---- Information supplied

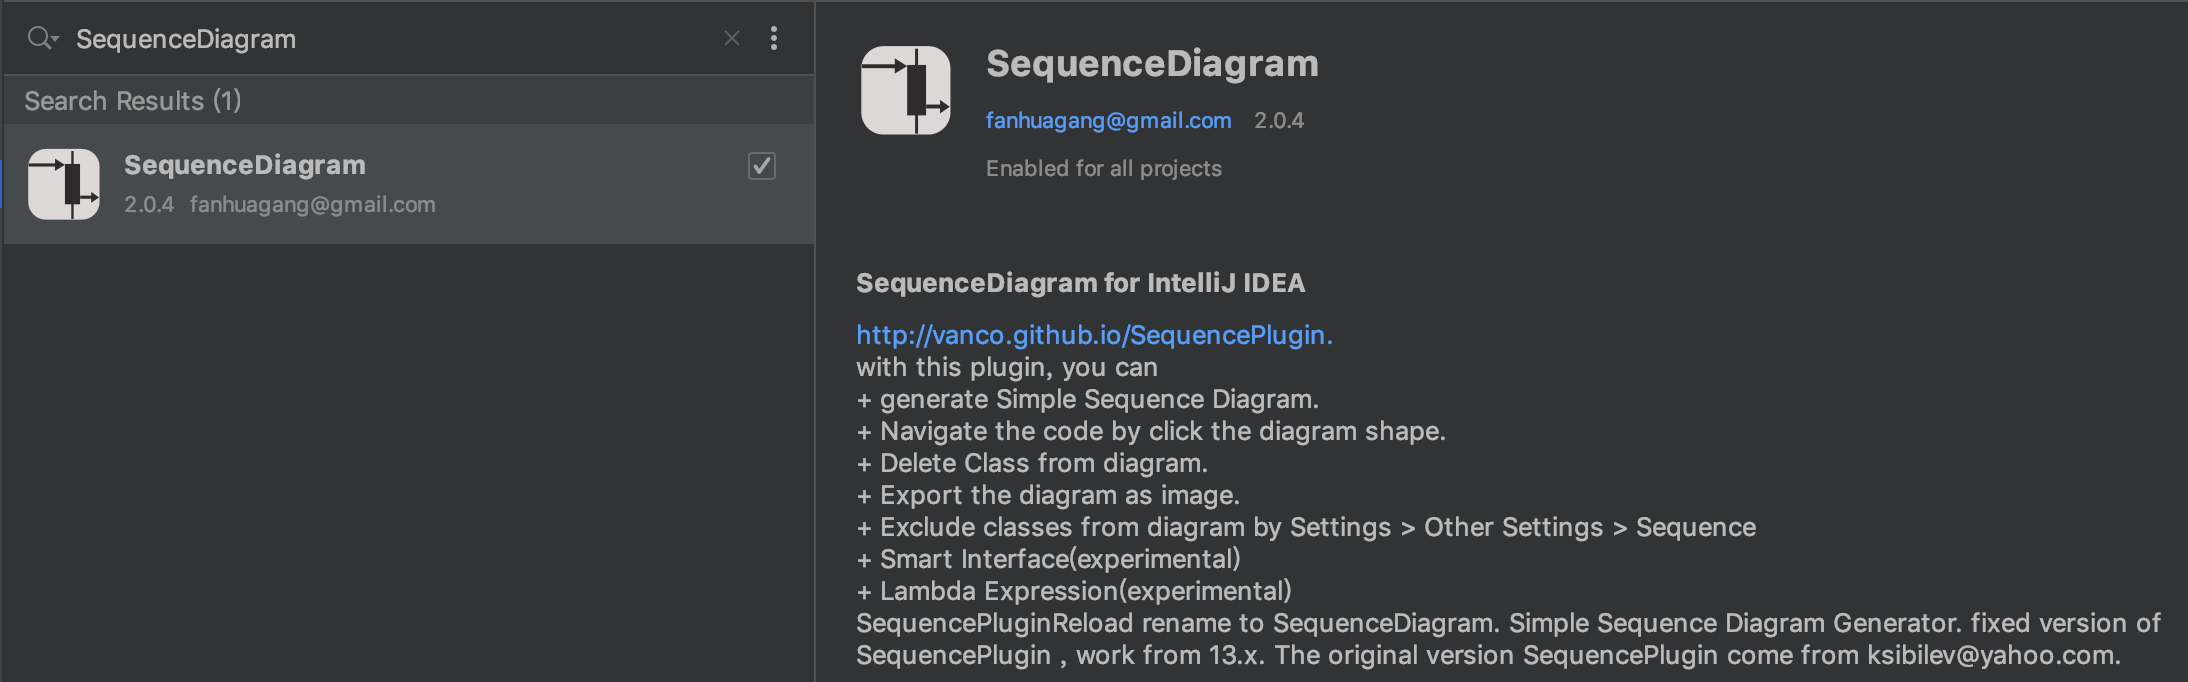 SequenceDiagram
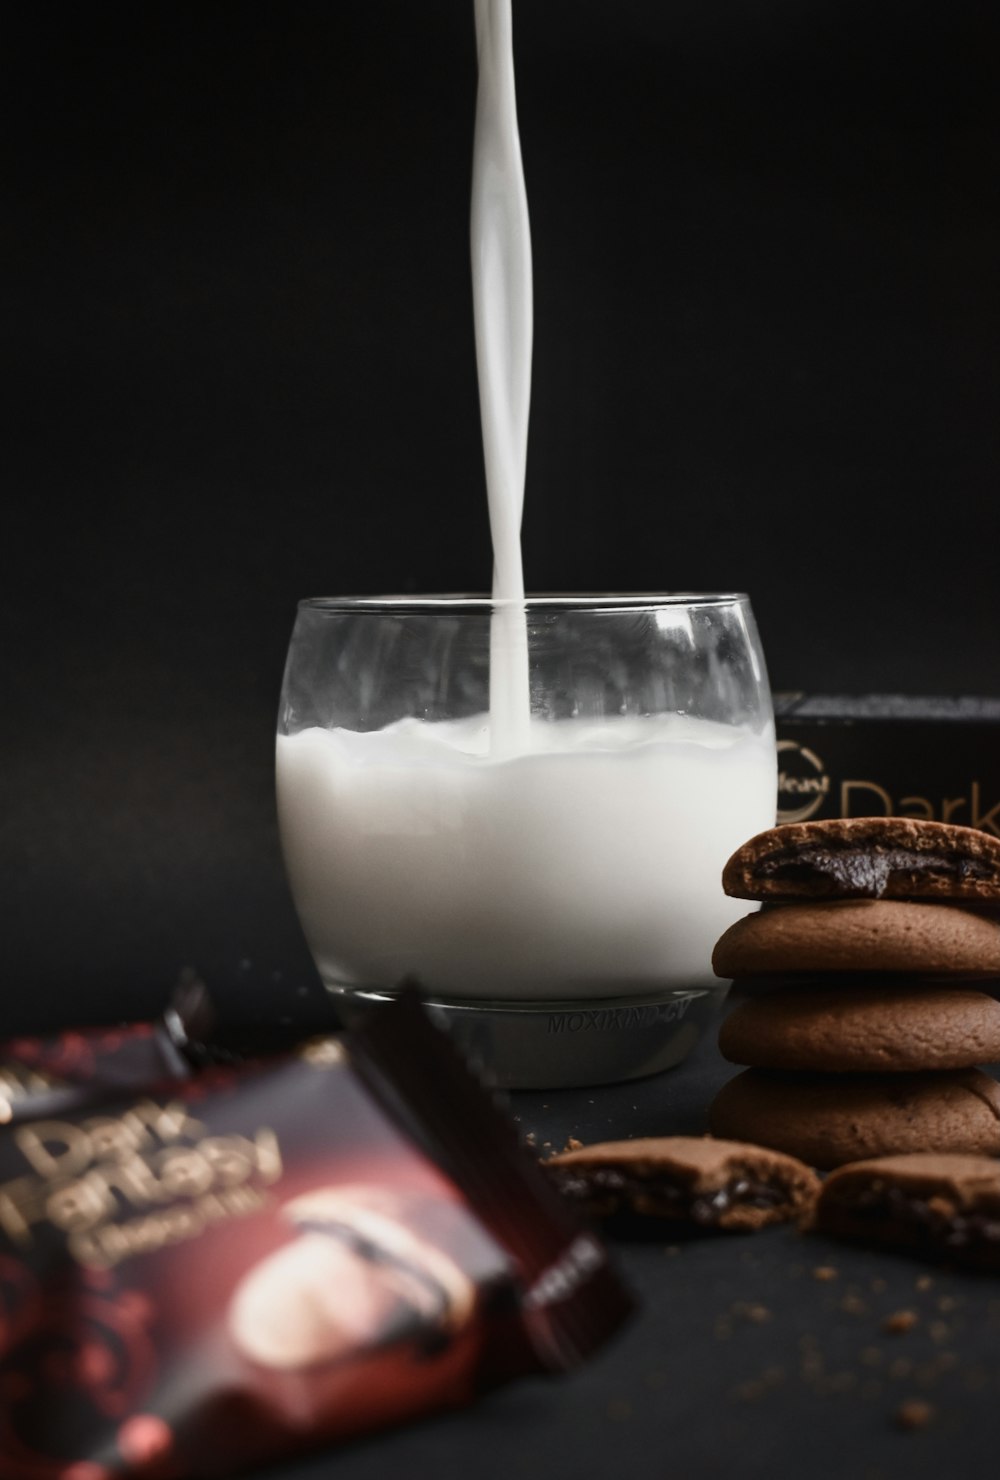 milk in clear drinking glass beside cookies on black plate
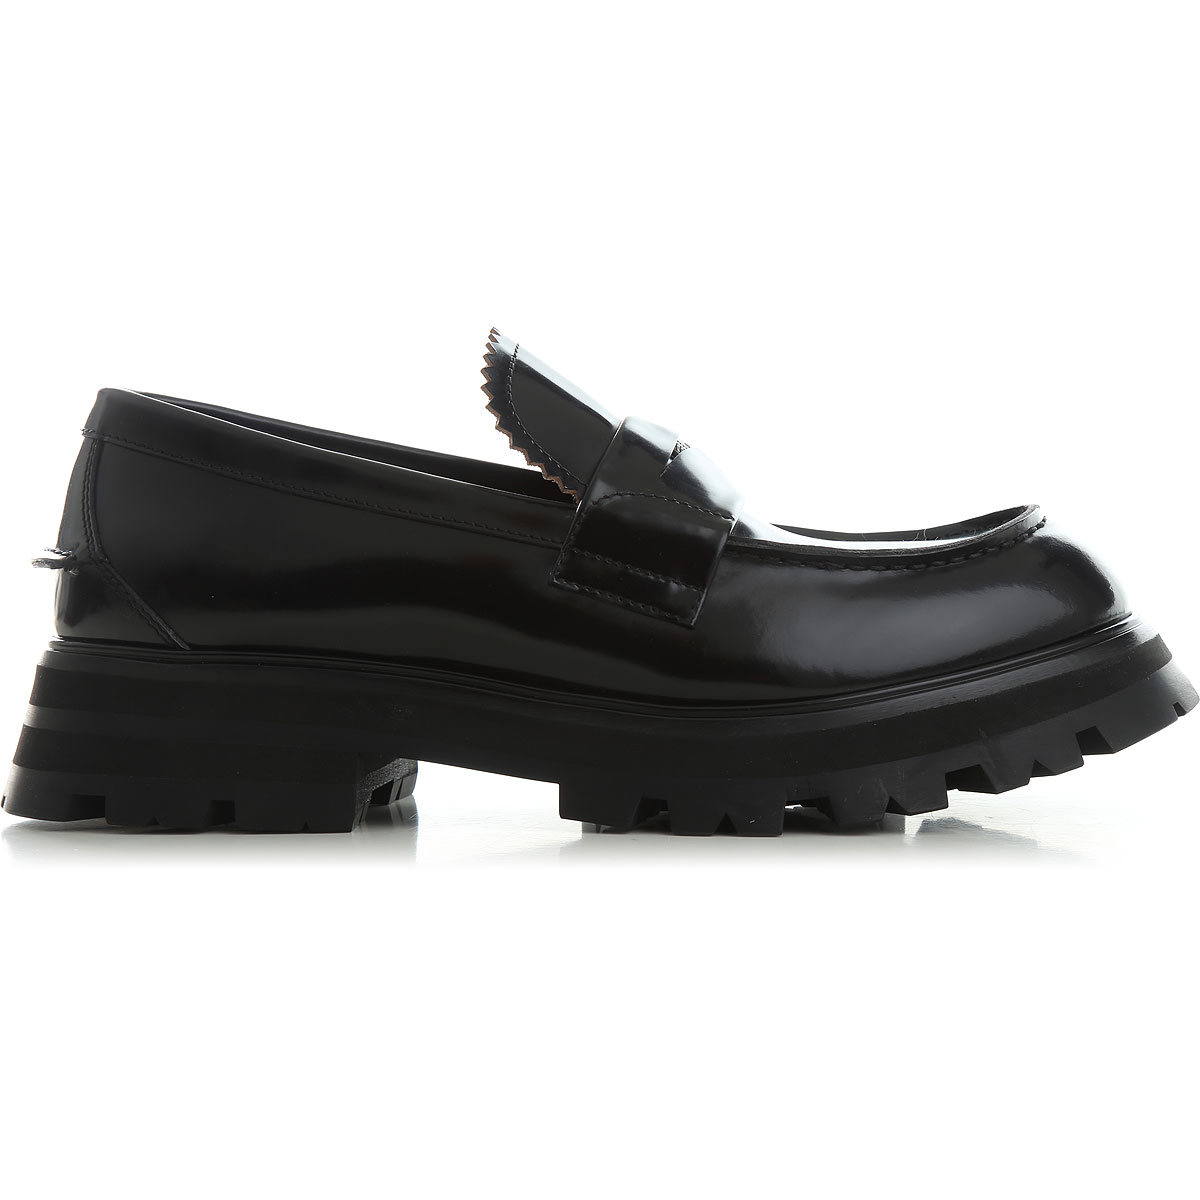 Mens Shoes Alexander McQueen, Style code: 683571-whz85-1081
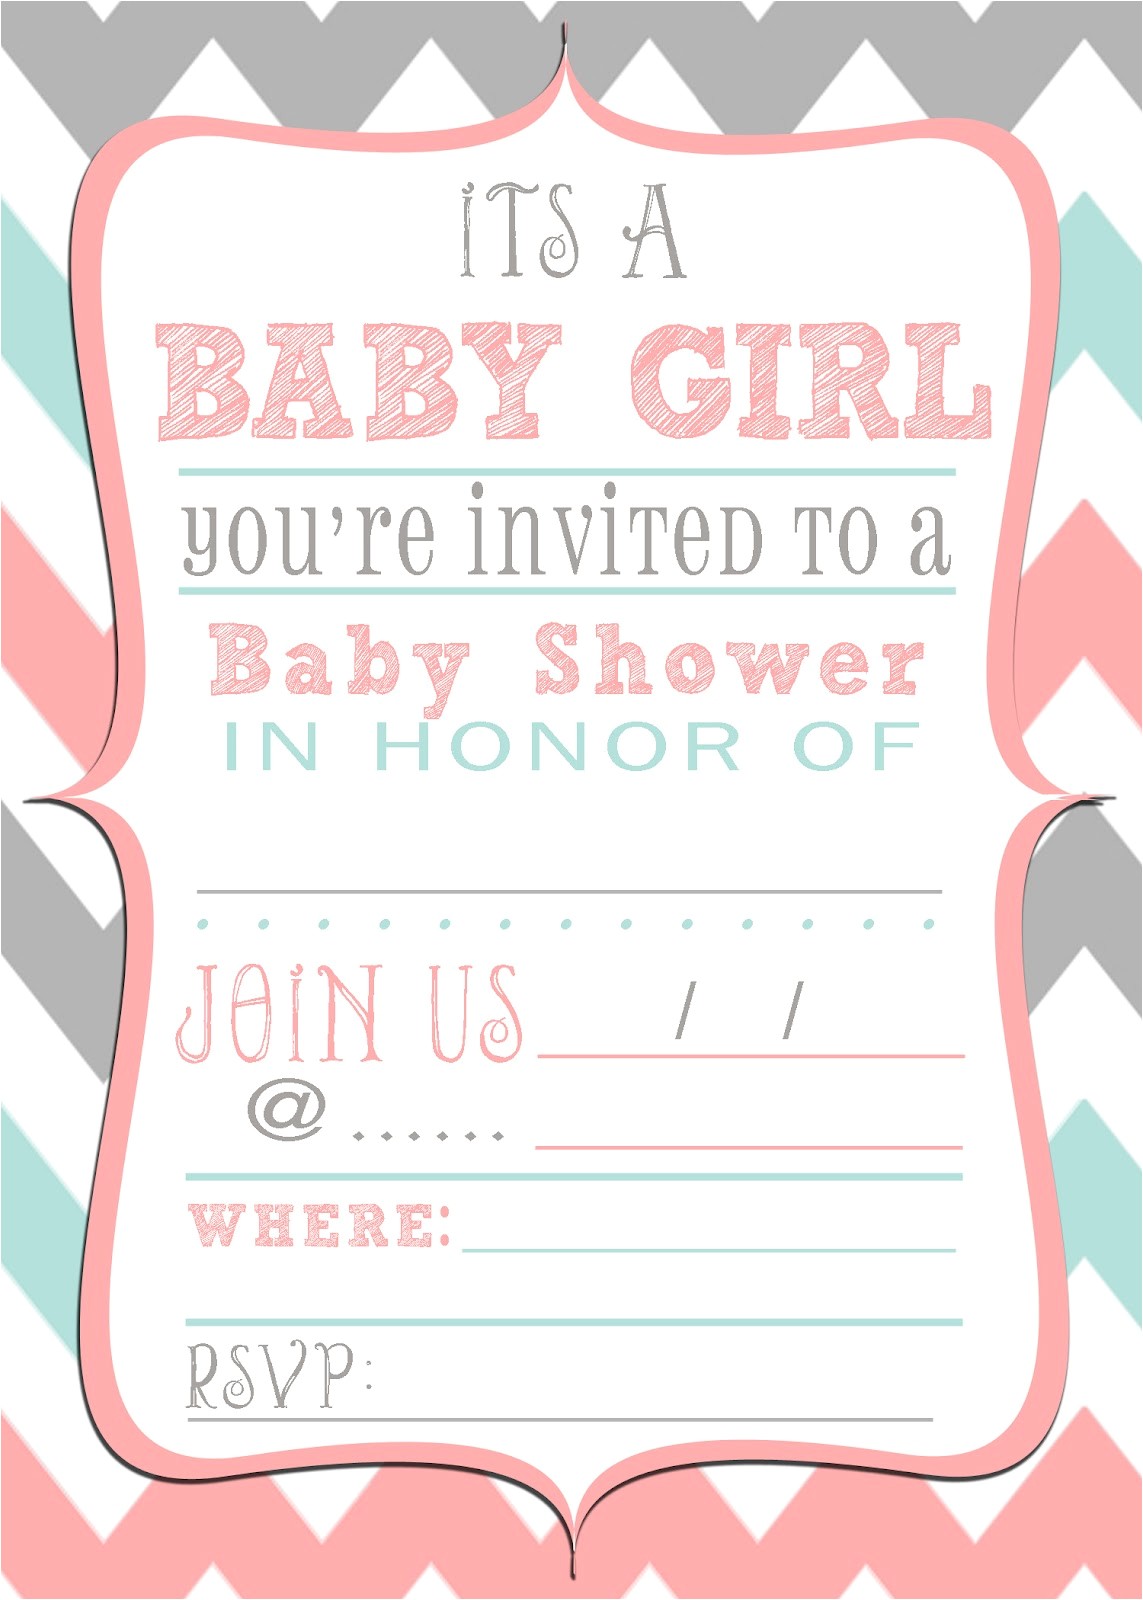 baby shower banner free s yipee
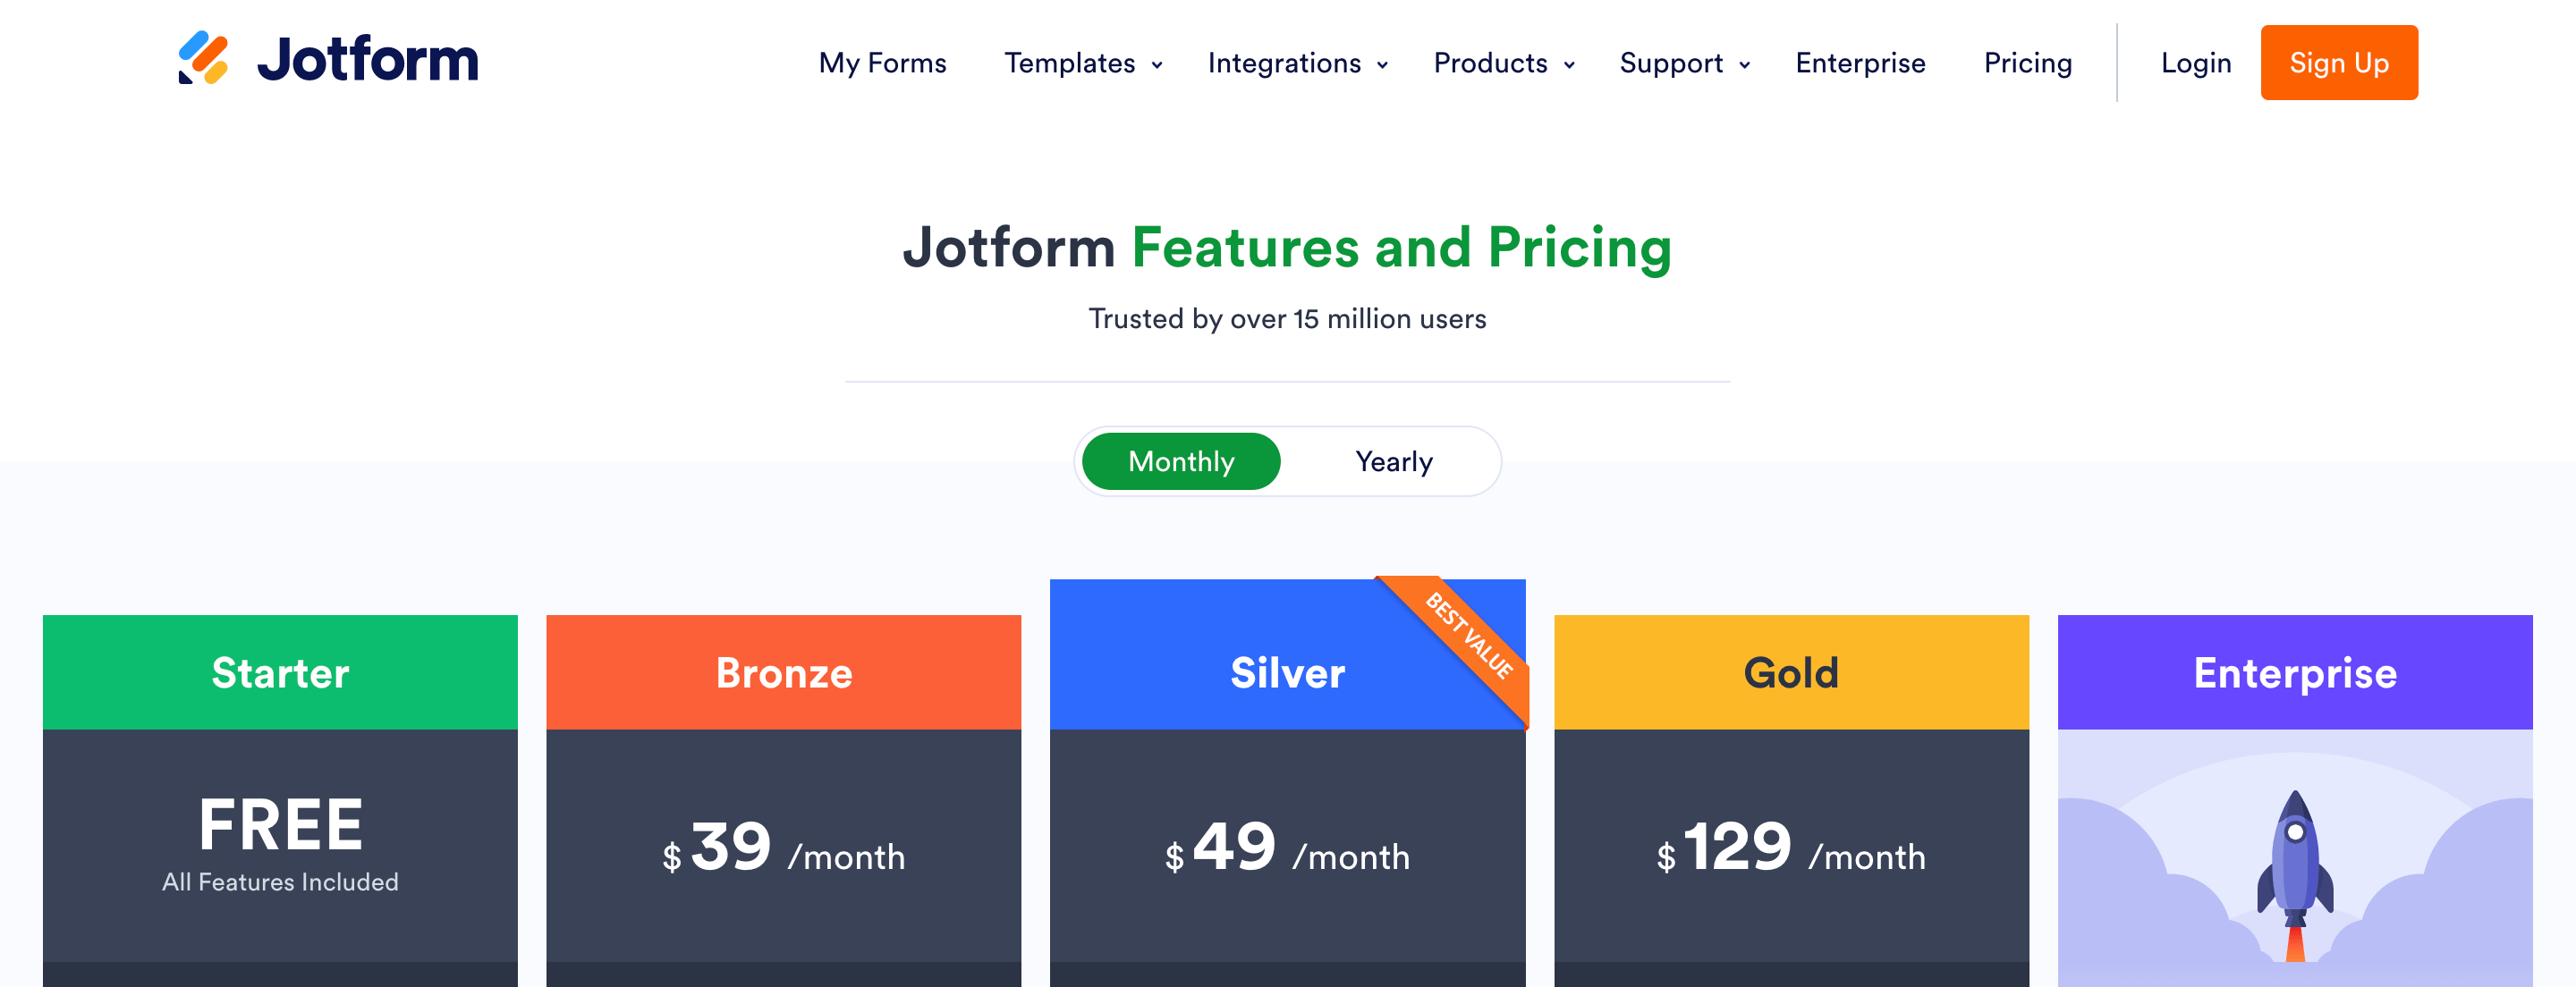 Jotform pricing

--------

## What you have to do
What is needed is an exact copy of every line from the one with "baby shower banner free s yipee" to the end of the listing above, with the pictures left out.

## Response box
 baby shower banner free s yipee
 Jotform pricing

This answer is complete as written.